Introduction: Dendritic cells (DCs) that are known as professional antigen-presenting cells have been found to pre-locate in non-inflammatory arterial wall and increasingly accumulate during atherosclerosis progression. Previous findings suggested that residential DCs in the intima are responsible for capturing modified lipids and forming foam cells during the initiation of atherosclerosis. Hypothesis: DC accumulation and enhanced DC-T cell interaction play a critical role in the initiation of atherosclerosis. Methods: We measured plaque formation, vascular DC accumulation and antigen-specific T cell proliferation mediated by isolated aortic cells in ApoE-/- mice, as well as DTR-CD11c/ApoE-/- or DTR-CD11b/ApoE-/- mice for conditional depletion of DCs or macrophages, respectively. A brief high-fat diet for 10 days was used as a model of initial atherosclerosis. Results: In addition to increased intimal DC accumulation and plaque formation in aortic roots, 10 days of HFD induced T cell infiltration in ApoE-/- mice, compared to those without HFD as the control.
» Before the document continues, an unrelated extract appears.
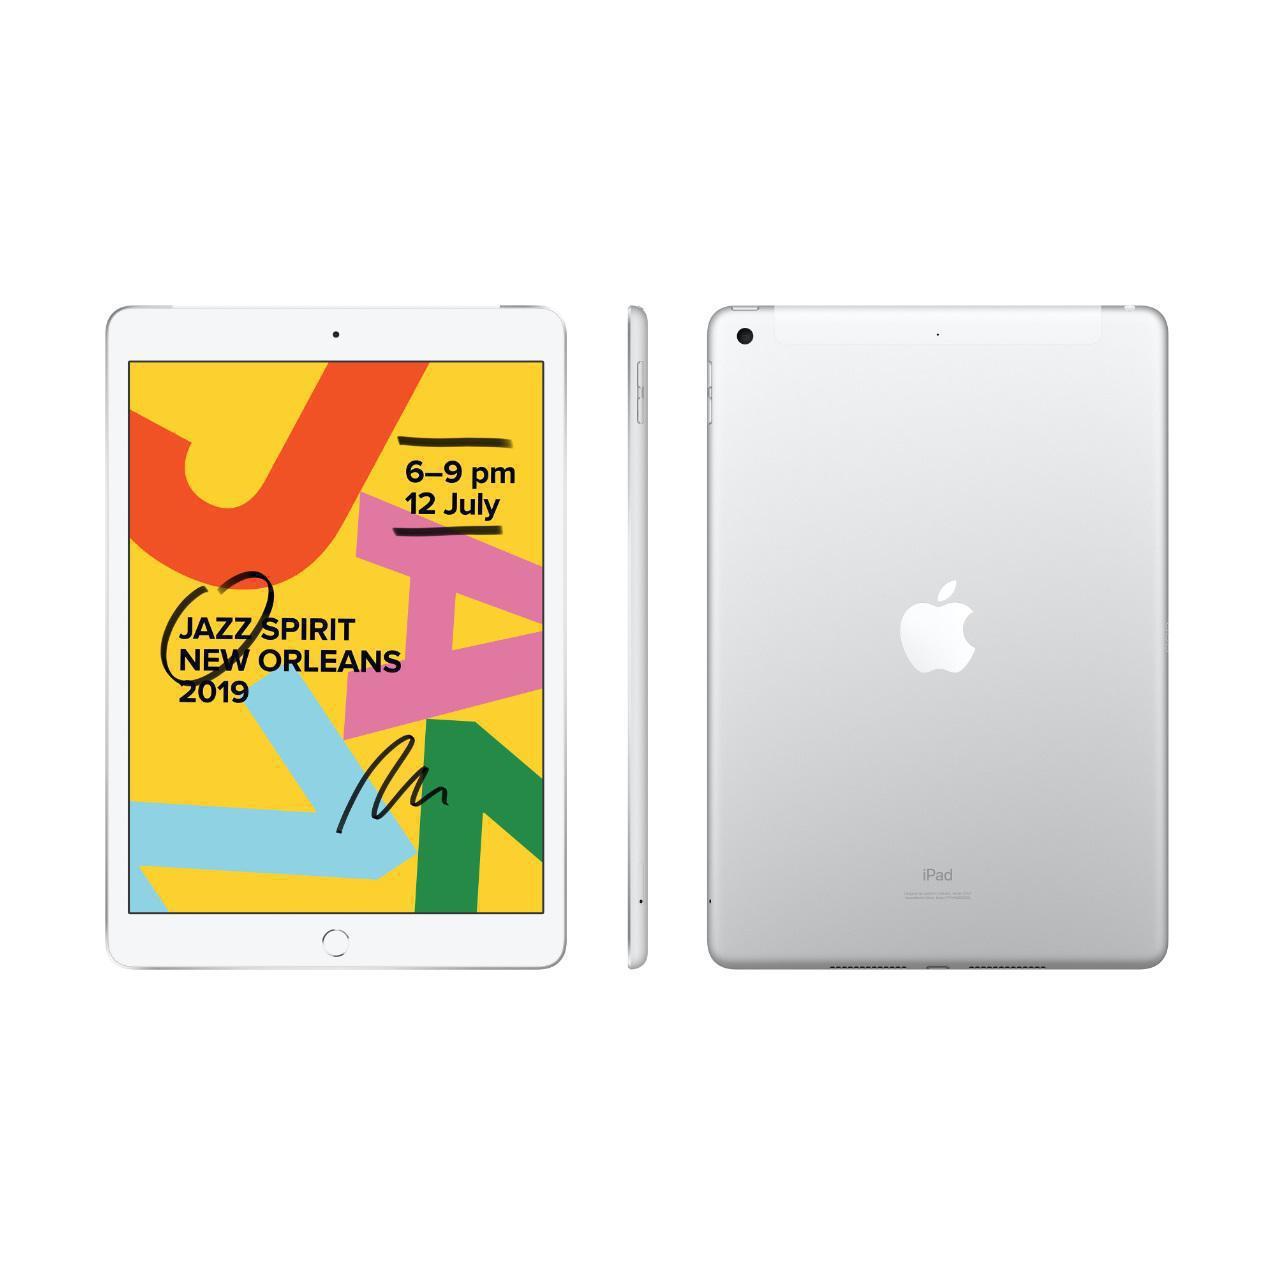 iPad 10.2-inch 7th Gen (2019) - Wi-Fi + GSM/CDMA + LTE

Isolated aortic cells from mice with 10-day HFD showed stronger capability in inducing antigen-specific T cell proliferation, compare to the control (HFD: 3.14±0.71%; no HFD: 1.56±0.36%; p=0.022). Single diphtheria toxin (DT) injection at day 1 yielded approximately 50% decrease in intimal DC accumulation, as well as 60% attenuation in plaque formation in DTR-CD11c/ApoE-/- mice after 10-day HFD. Capability of stimulating antigen-specific T cell proliferation was also impaired in aortic cells from DC-depleted mice (DT-treated: 1.62±0.30%; PBS-treated: 3.04±0.59%; p= 0.004), along with reduction in indirect conduction of T cell activation. In contrast, no significant changes were found in plaque formation and DC accumulation in DT-injected DTR-CD11b/ApoE-/- mice after 10 days of HFD, compared to control group. Furthermore, depletion of CD11b+ macrophages in either aortas or spleens didn’t alter capability of inducing antigen-specific T cell proliferation in DT-injected mice. Conclusions: These results suggested that vascular DCs rather than macrophages play a more important role in T cell activation and initiation of atherosclerosis.